Incident affecting Google Docs

Incident began at 2024-08-12 13:20 and ended at 2024-08-12 15:32 (times are in Coordinated Universal Time (UTC)).

Date Time Description
Aug 15, 2024 9:42 PM UTC

Incident Report

Summary

On 12 August 2024 at 06:20 US/Pacific, multiple Google Cloud and Google Workspace products experienced connectivity issues in europe-west2 for a duration of 40 minutes. During the time, ingress traffic to europe-west2 and egress traffic from europe-west2 experienced elevated latencies, connection timeouts, and connection failures.

Root Cause

On 12 August 2024 06:20 US/Pacific, primary and backup power feeds were both lost in a Google Point of Presence (POP) due to a substation switchgear failure. The affected POP hosts about ⅓ of serving first-layer Google Front Ends (GFEs) located in europe-west2 and some distributed networking equipment for that region. The power loss impacted the following Google products and services that depend on GFEs in that region:

  • Google Cloud APIs, Google Workspace, and other Google services like YouTube,
  • Customer-created global external application and proxy network load balancers, including Cloud CDN

The power loss also impacted the following Google Cloud products which depended on impacted networking equipment:

  • Customer-created regional external application, proxy network, and passthrough network load balancers in the europe-west2 region,
  • External protocol forwarding and VM external IP address connectivity for VMs in the europe-west2 region.
  • Google Cloud Interconnect connections in some LHR colocation facilities.
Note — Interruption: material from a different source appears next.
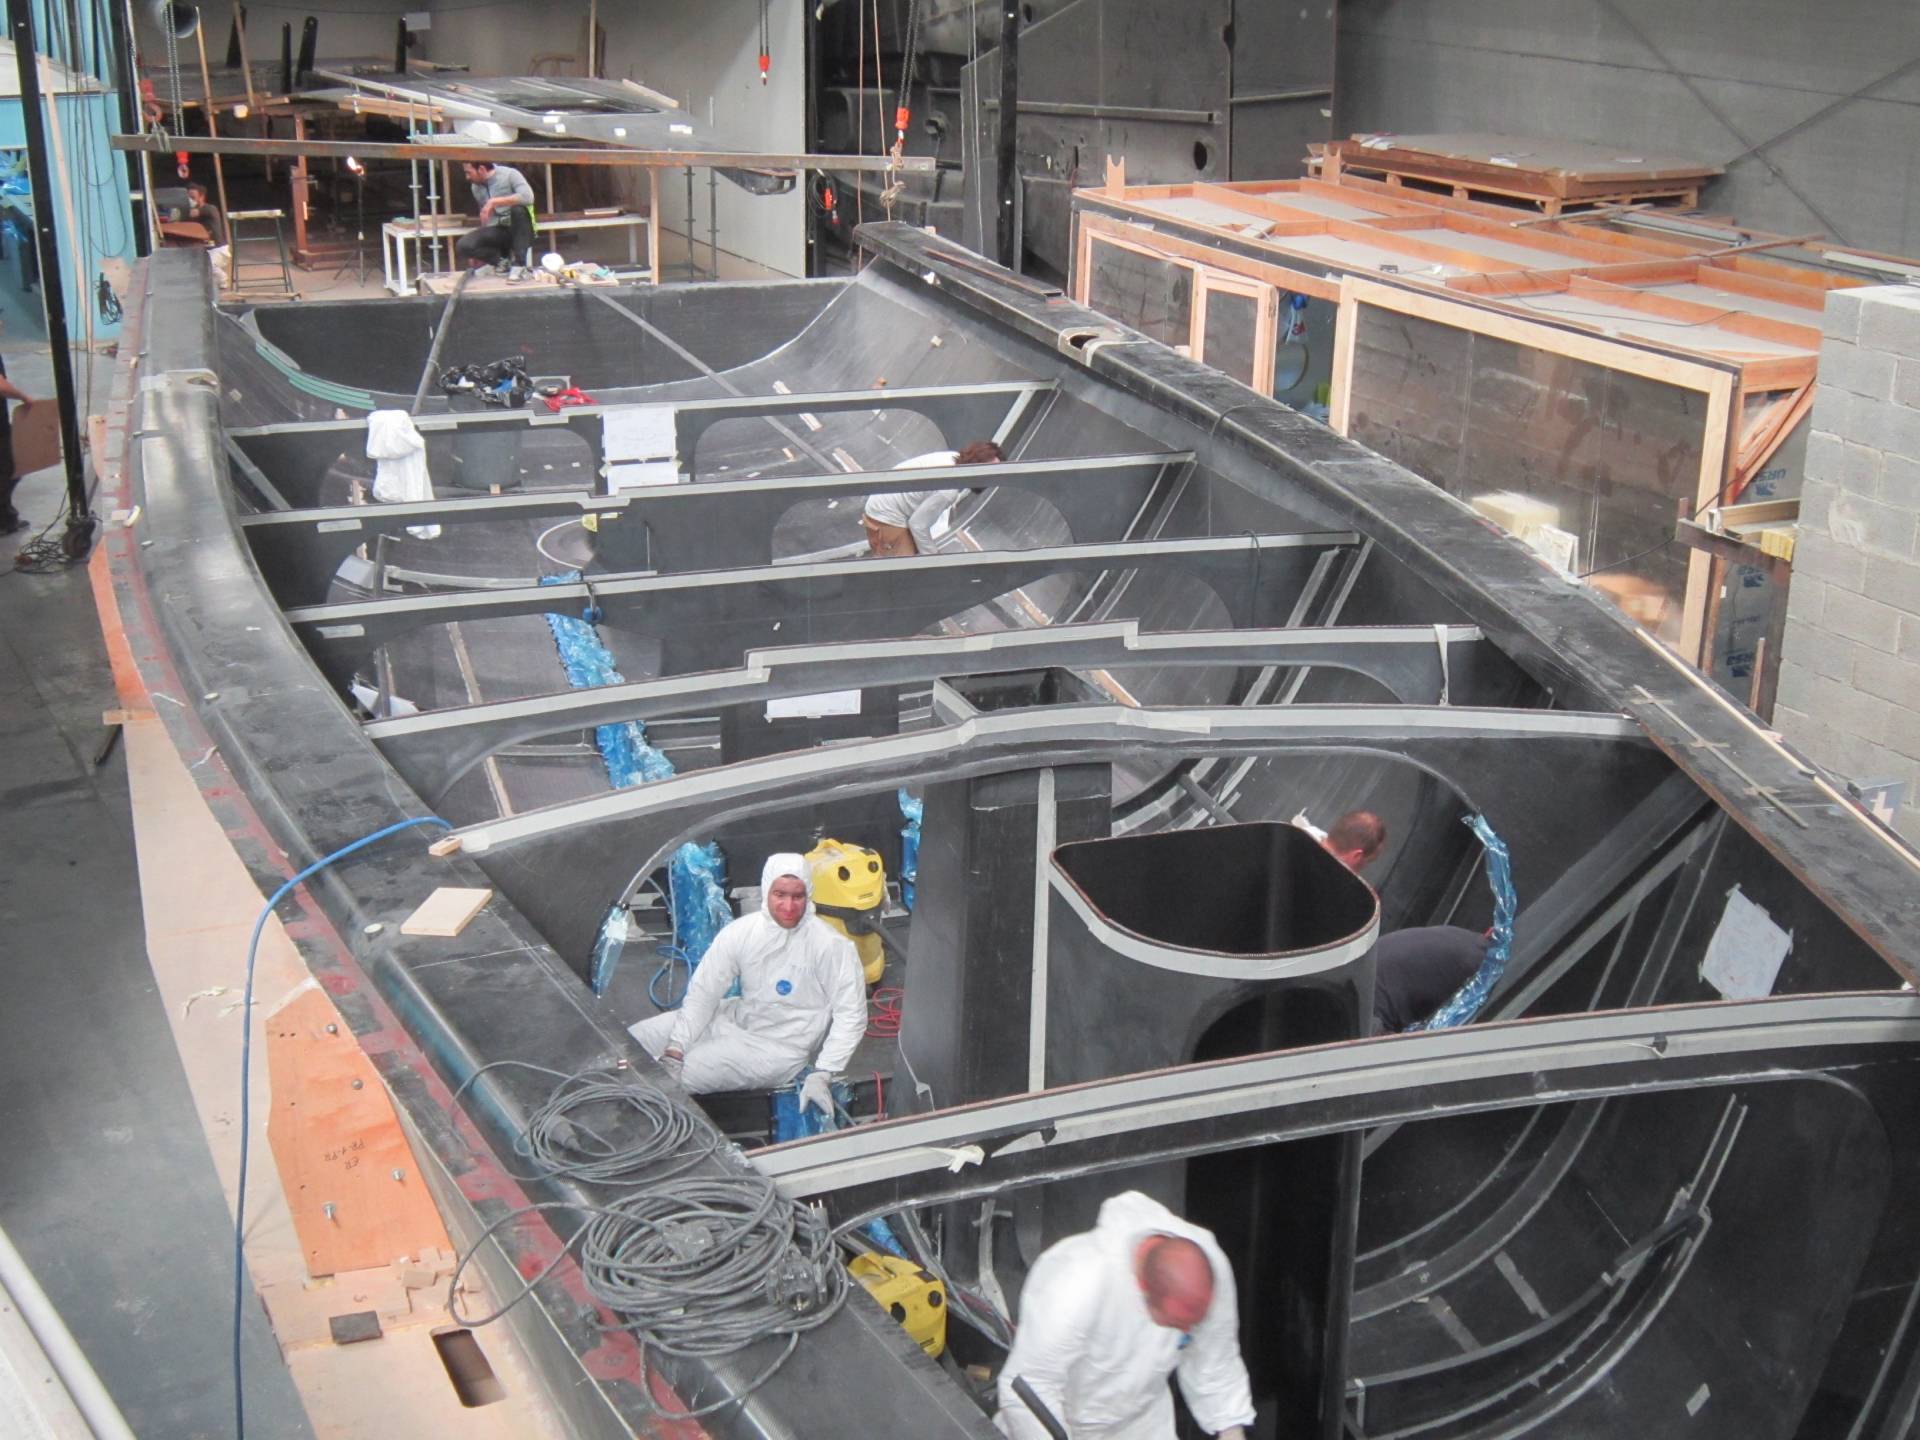 Alegre III - Boat building project Michele Molino process

Impact was limited to situations where either or both of the following was true:

  • Inbound requests or connections were routed into the europe-west2 region of Google’s network, from the Internet, and those requests or connections depended on networking equipment that was offline, or unreachable pending reconvergence.
  • Outbound responses were routed to the Internet, from the europe-west2 region of Google’s network, and those responses depended on networking equipment that was without power.

The power outage caused Internet routes advertised by Google to be withdrawn in networks connected to Google’s network. The withdrawn routes were automatically replaced by other Google-advertised routes that didn’t depend on impacted networking equipment. Withdrawing and replacing routes relies on the BGP protocol and its timers, so replacement route convergence is not instantaneous, and overloading in the automatically selected replacement route GFEs extended the duration of the incident.

Detailed Description of Impact

  • Google Workspace: _Gmail, Google Calendar, Google Chat, Google Docs, Google Drive, Google Meet and Google Tasks users connecting to Workspace services from the UK region and surrounding areas experienced connectivity issues as described in the next point.
  • GFE-based products and services: _Customers on the Internet experienced a spike of broken connections followed by elevated latencies or HTTP error responses when communicating with GFE-powered Google APIs and services or customer-created global external application and proxy network load balancers. At roughly 06:23 US/Pacific, Google automatically redirected connections to the nearest possible first-layer GFEs with some latency penalty. Unfortunately, some of the nearest possible first-layer GFEs were overloaded until 06:48 when Google engineers made adjustments to more efficiently distribute incoming requests among nearby first-layer GFEs. Depending on the Google API or service or the customer-created global external load balancer, elevated latencies could have persisted until about 08:30 US/Pacific. Elevated latencies also could have applied to customer-created global external load balancers that had Cloud CDN enabled.
  • Regional Google Cloud products and services: _Until replacement routes were in effect, customers on the Internet experienced connection failures to the following GCP resources in the europe-west2 region:
    • Regional external application, proxy network, and passthrough network load balancers.
    • External protocol forwarding and VM external IP addresses.
  • Google Cloud Interconnect: _Google Cloud Interconnect connections in some LHR colocation facilities (lhr-zone1-47, lhr-zone1-832, lhr-zone1-2262, lhr-zone1-4885, lhr-zone1-99051 and lhr-zone2-47) remained offline from 06:20 US/Pacific to at least 06:57 US/Pacific, when power was restored.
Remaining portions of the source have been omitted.